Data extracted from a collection
──────────────────────────────
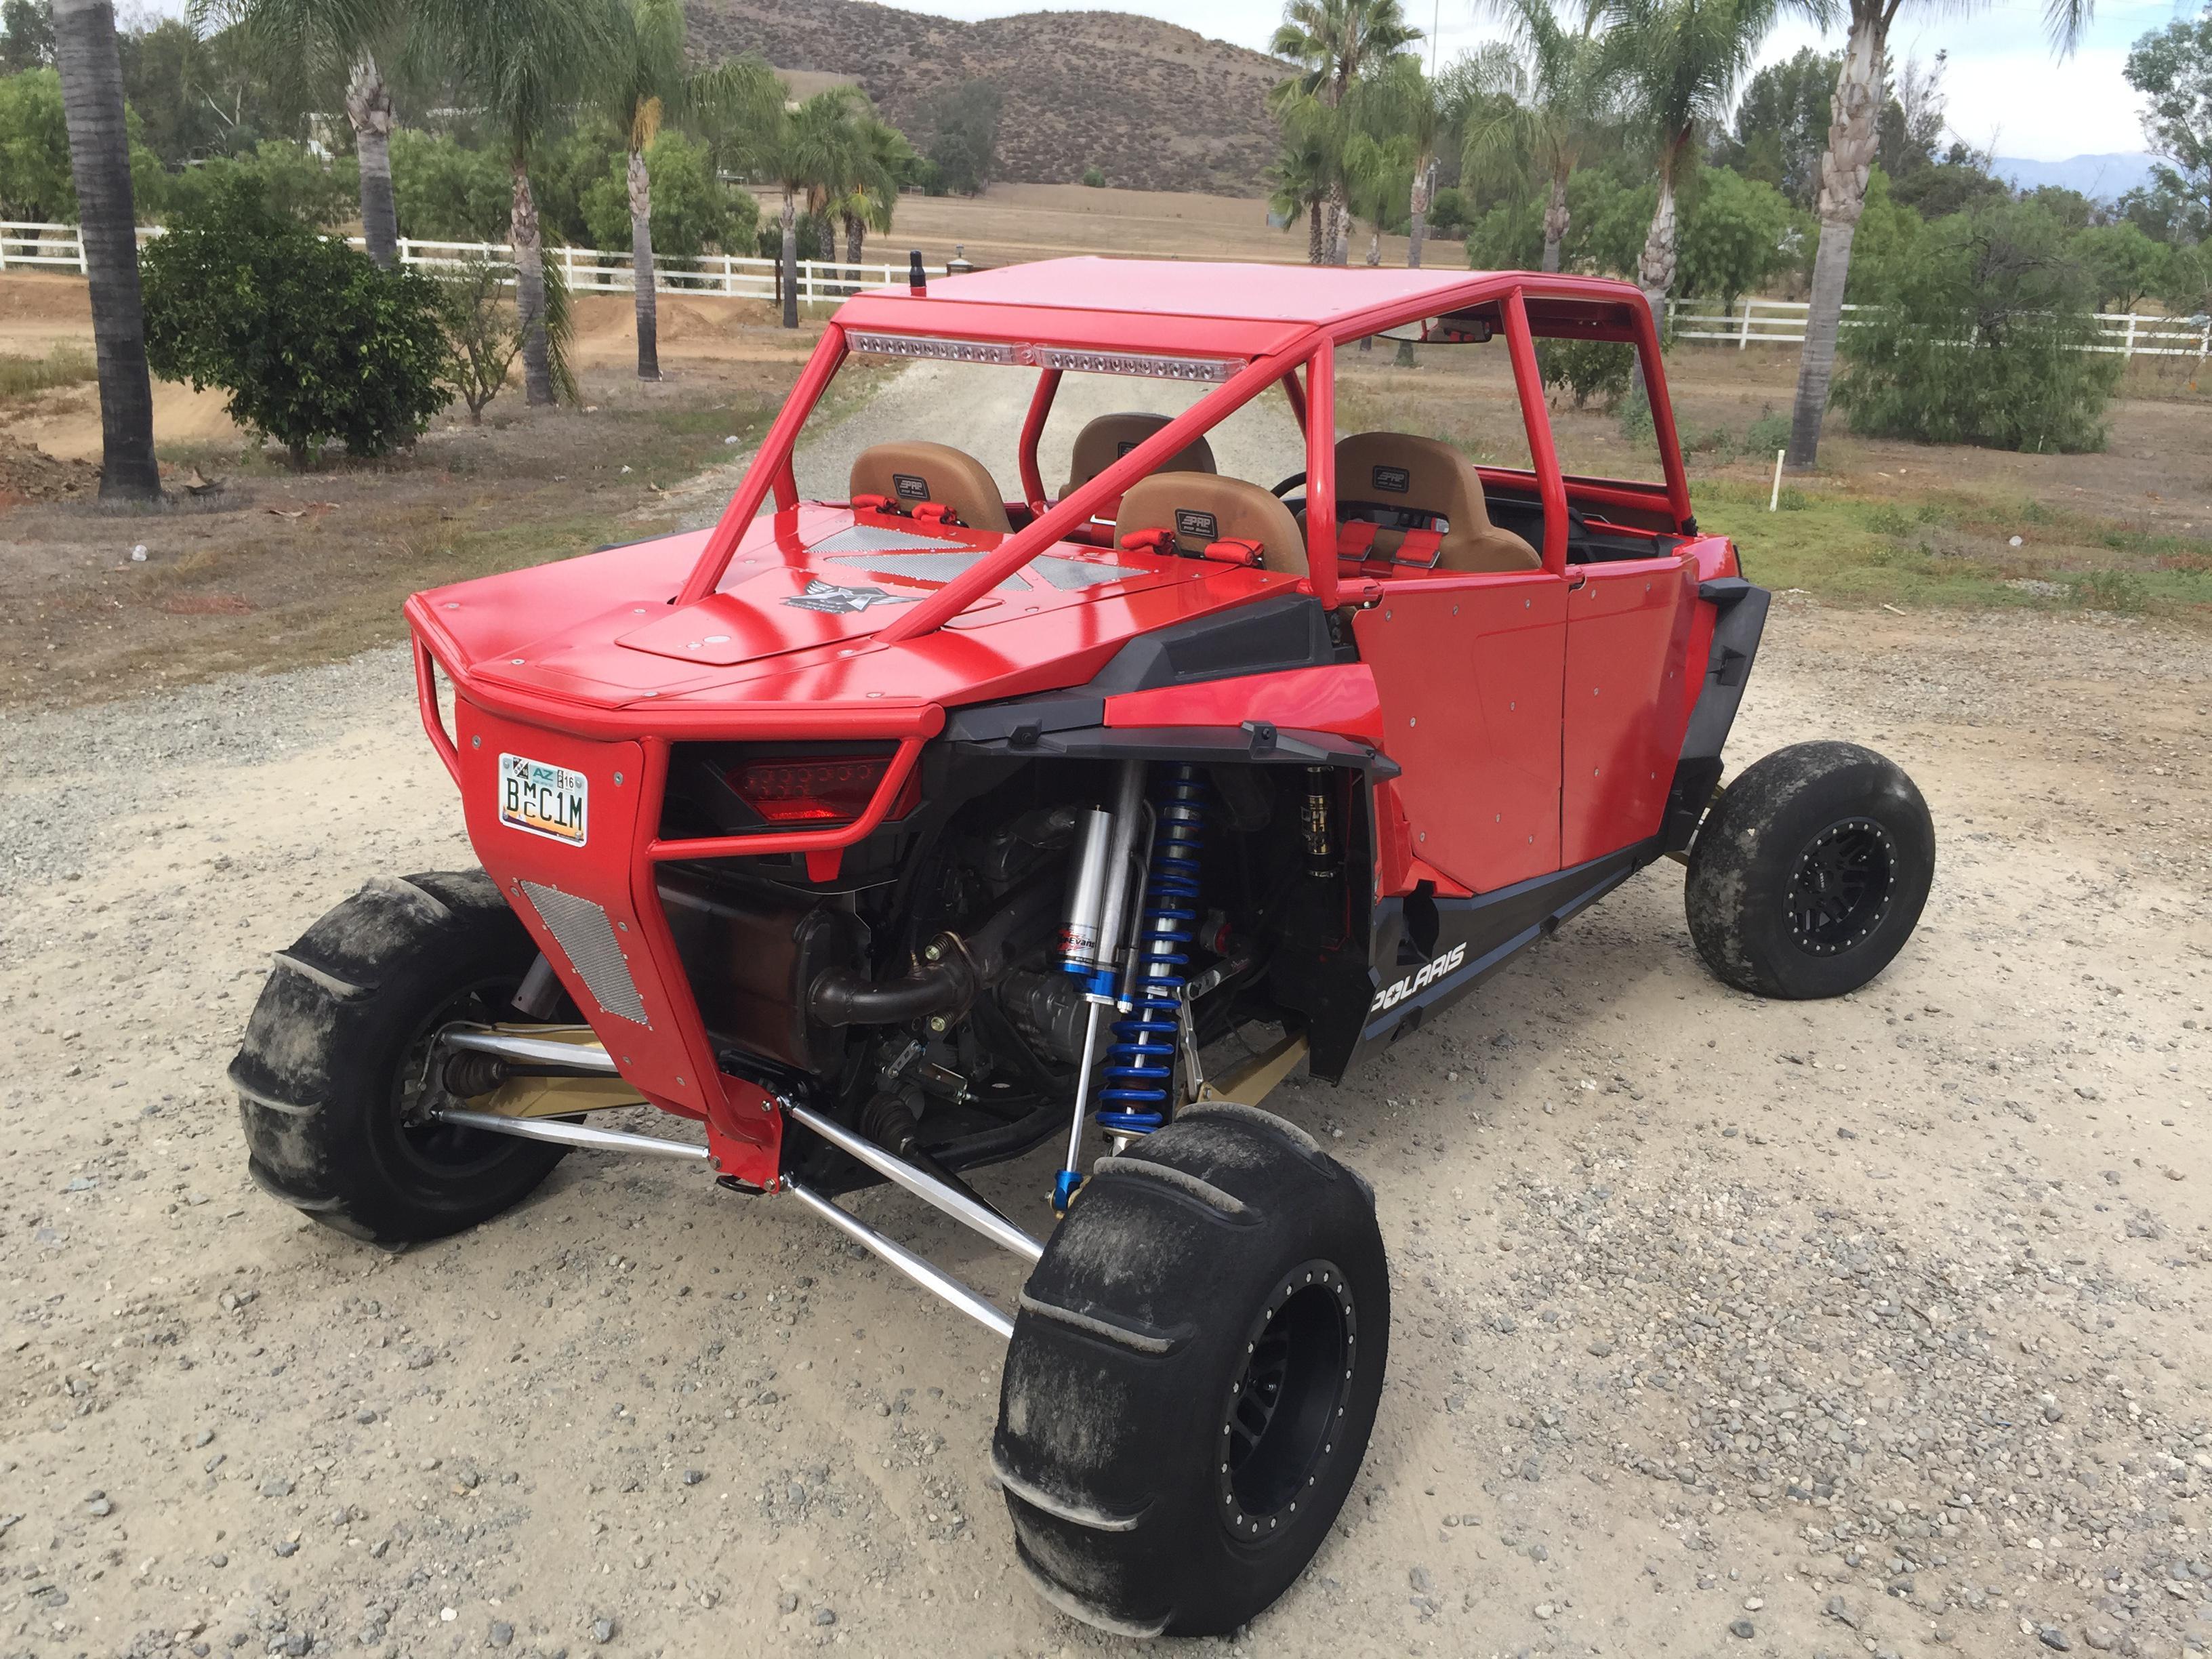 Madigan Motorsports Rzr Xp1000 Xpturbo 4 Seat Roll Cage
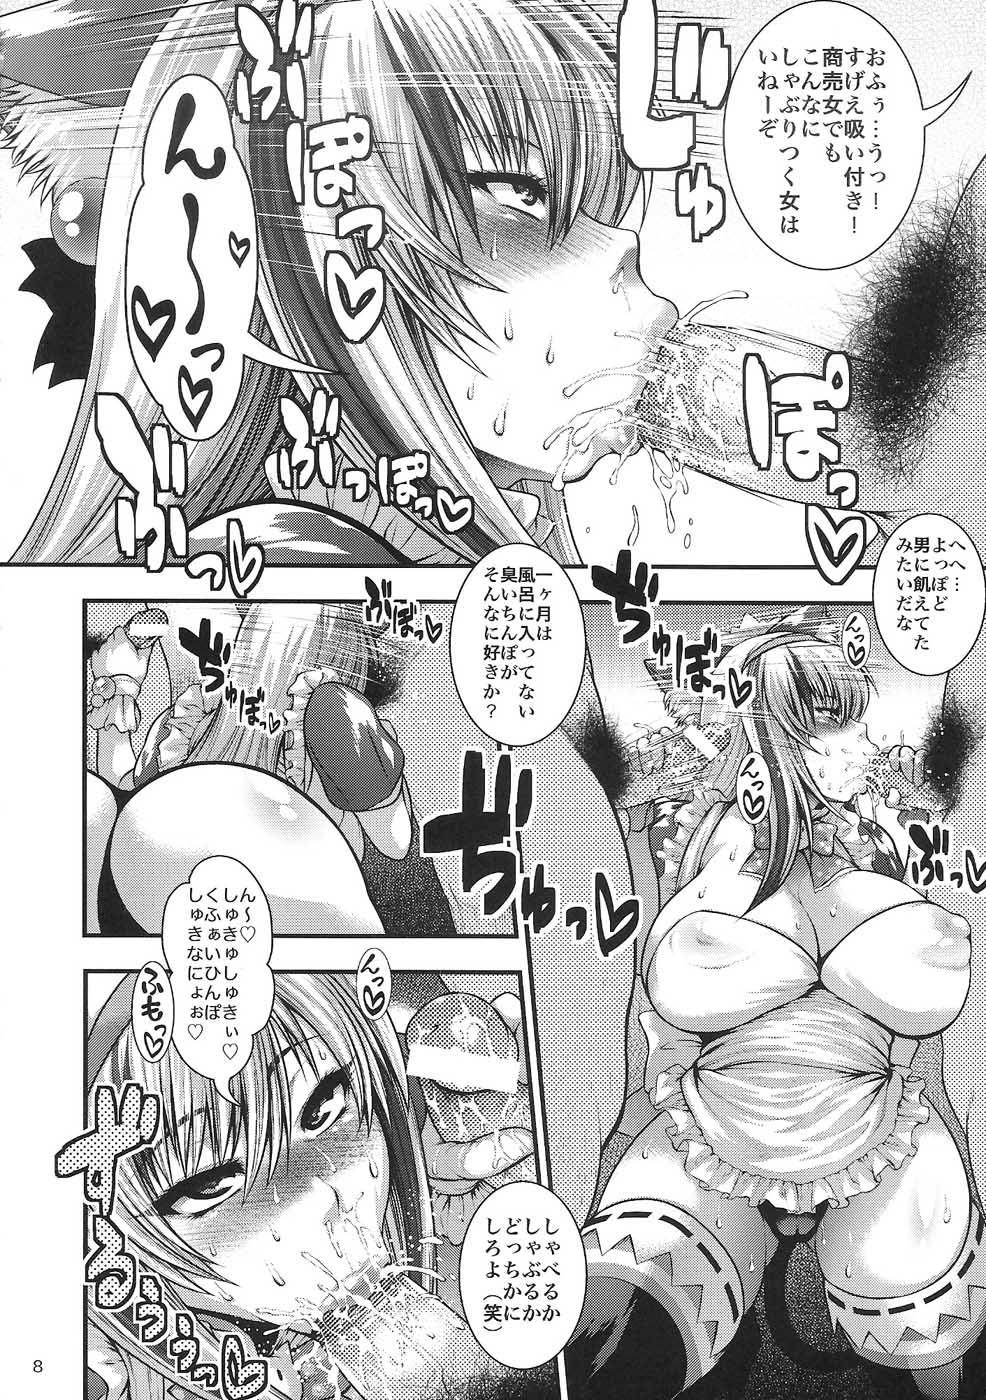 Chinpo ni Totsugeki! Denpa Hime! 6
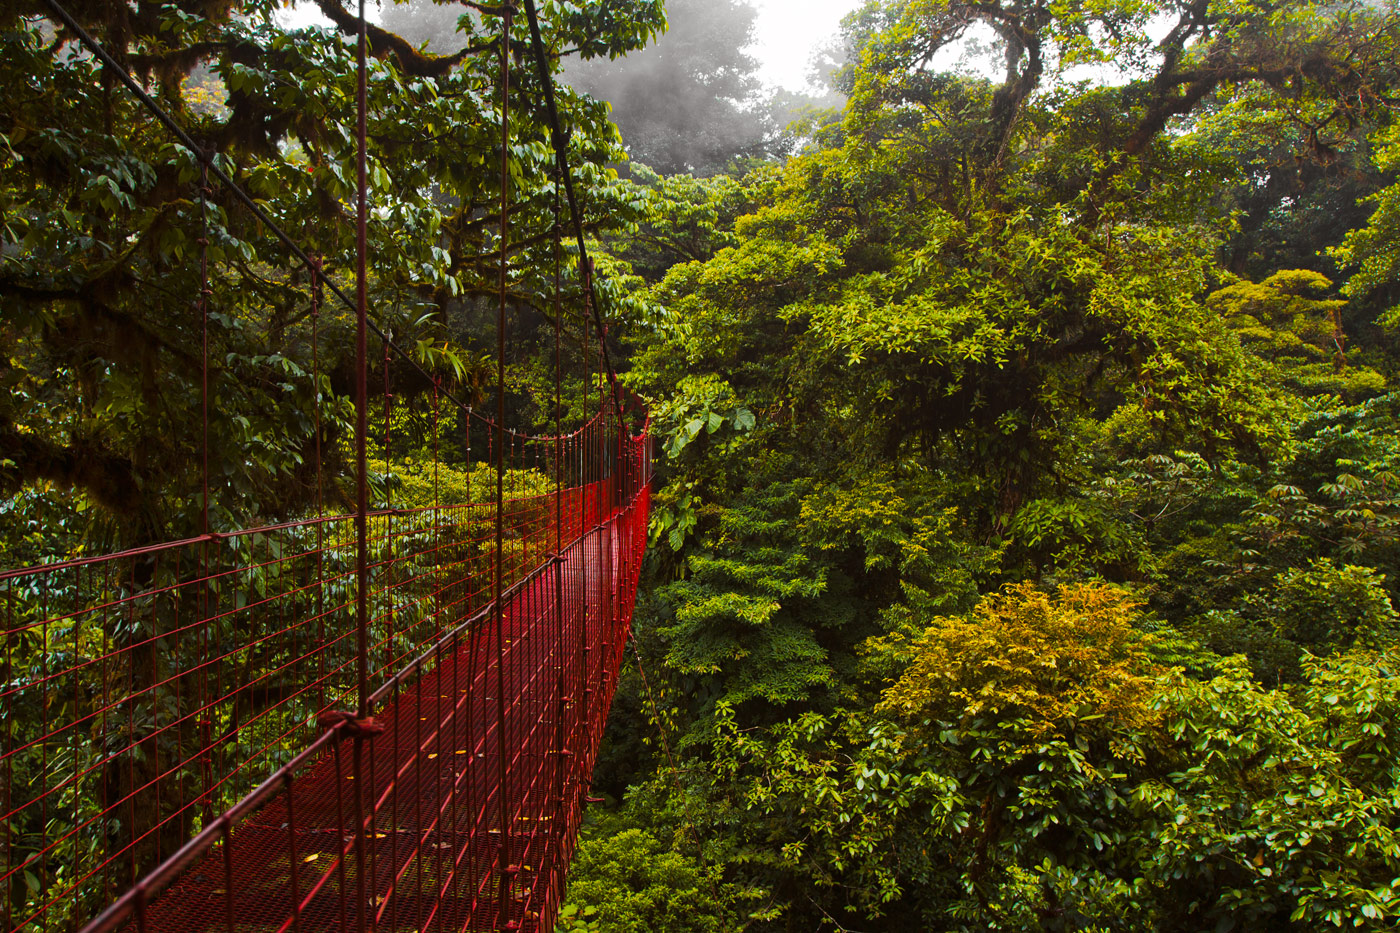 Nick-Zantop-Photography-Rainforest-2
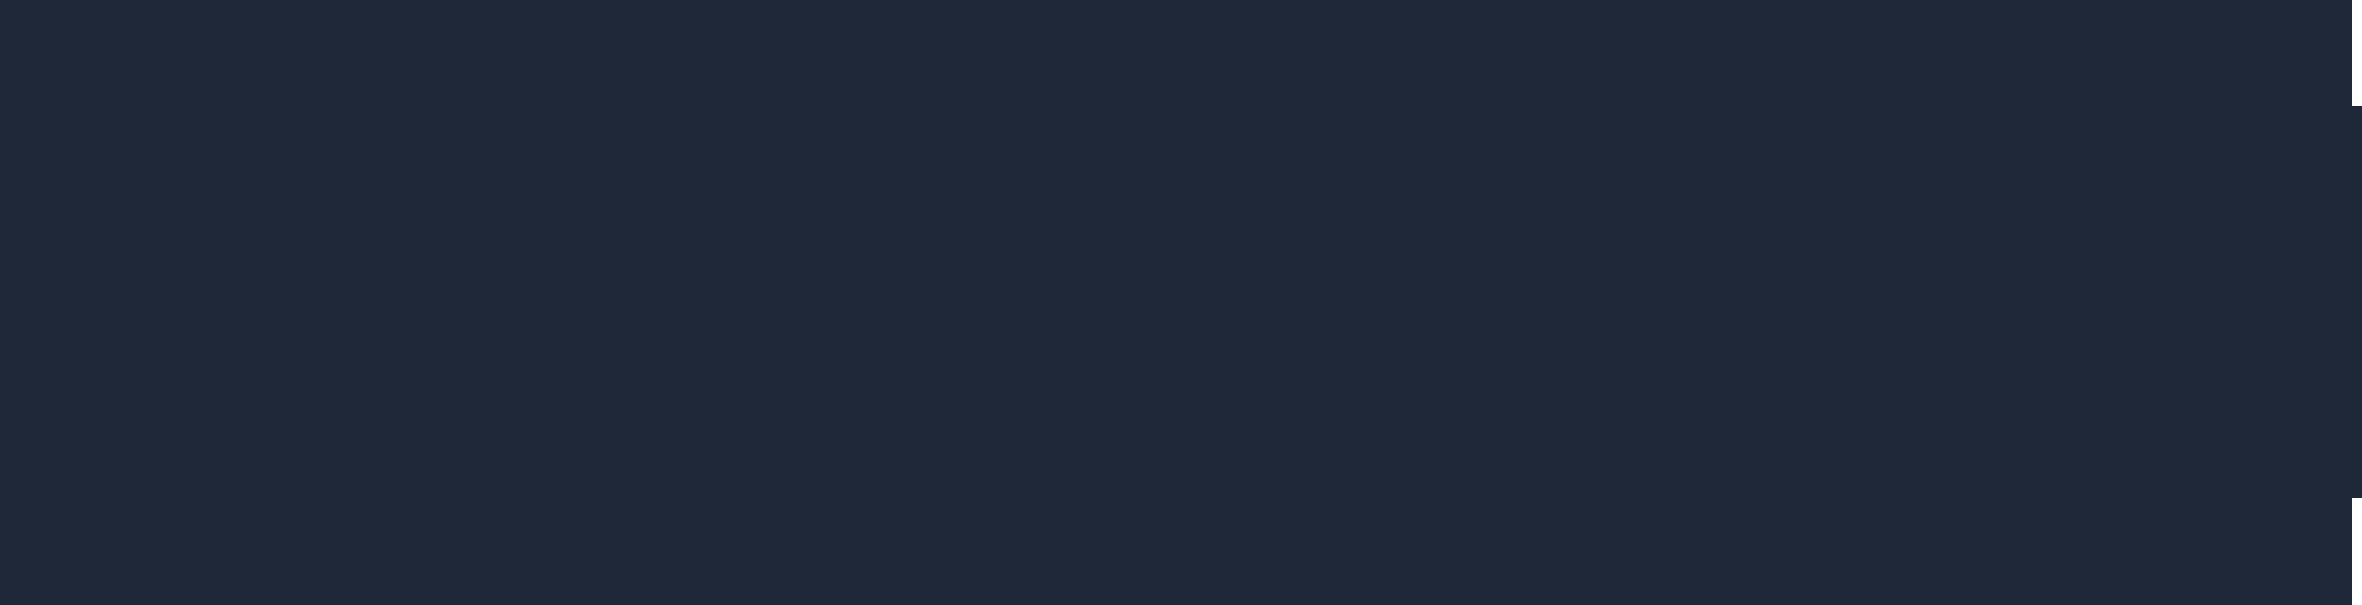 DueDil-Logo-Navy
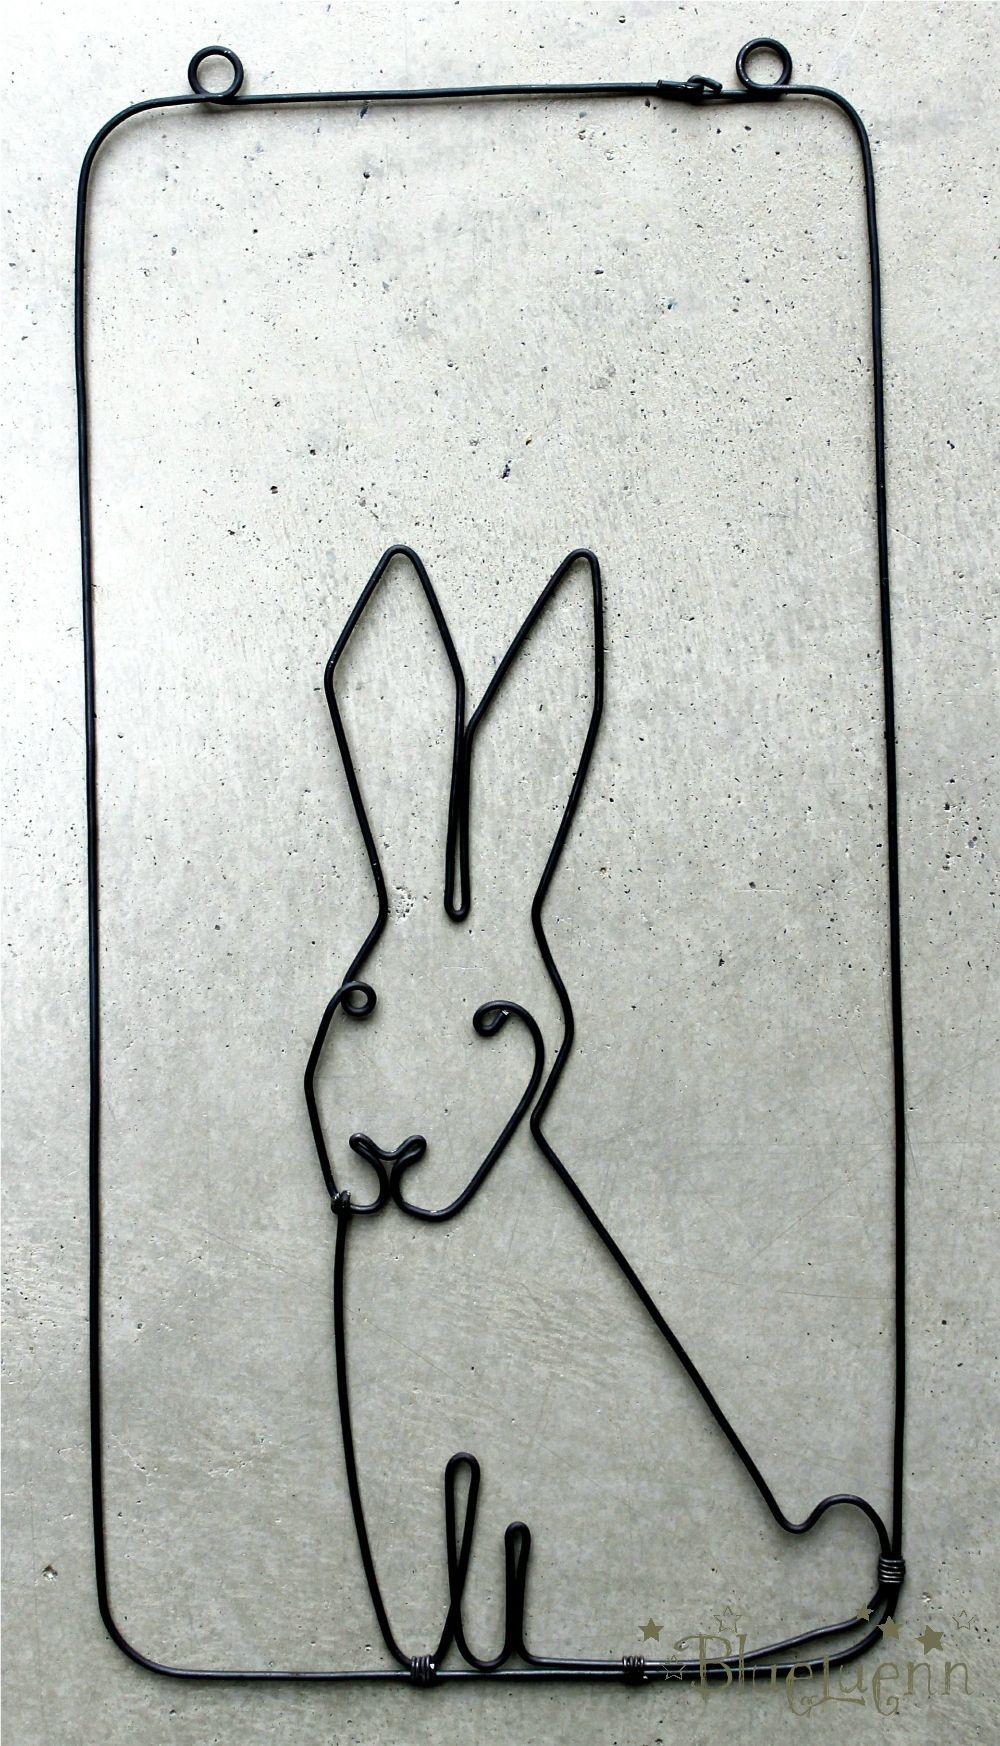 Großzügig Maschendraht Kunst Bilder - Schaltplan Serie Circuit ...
──────────────────────────────
● **Work to be completed**: Could you write out, word for word, the lines from the one containing "Chinpo ni Totsugeki! Denpa Hime! 6" through the last line of the records, leaving out the pictures?

● **Written answer**:
 Chinpo ni Totsugeki! Denpa Hime! 6
 Nick-Zantop-Photography-Rainforest-2
 DueDil-Logo-Navy
 Großzügig Maschendraht Kunst Bilder - Schaltplan Serie Circuit ...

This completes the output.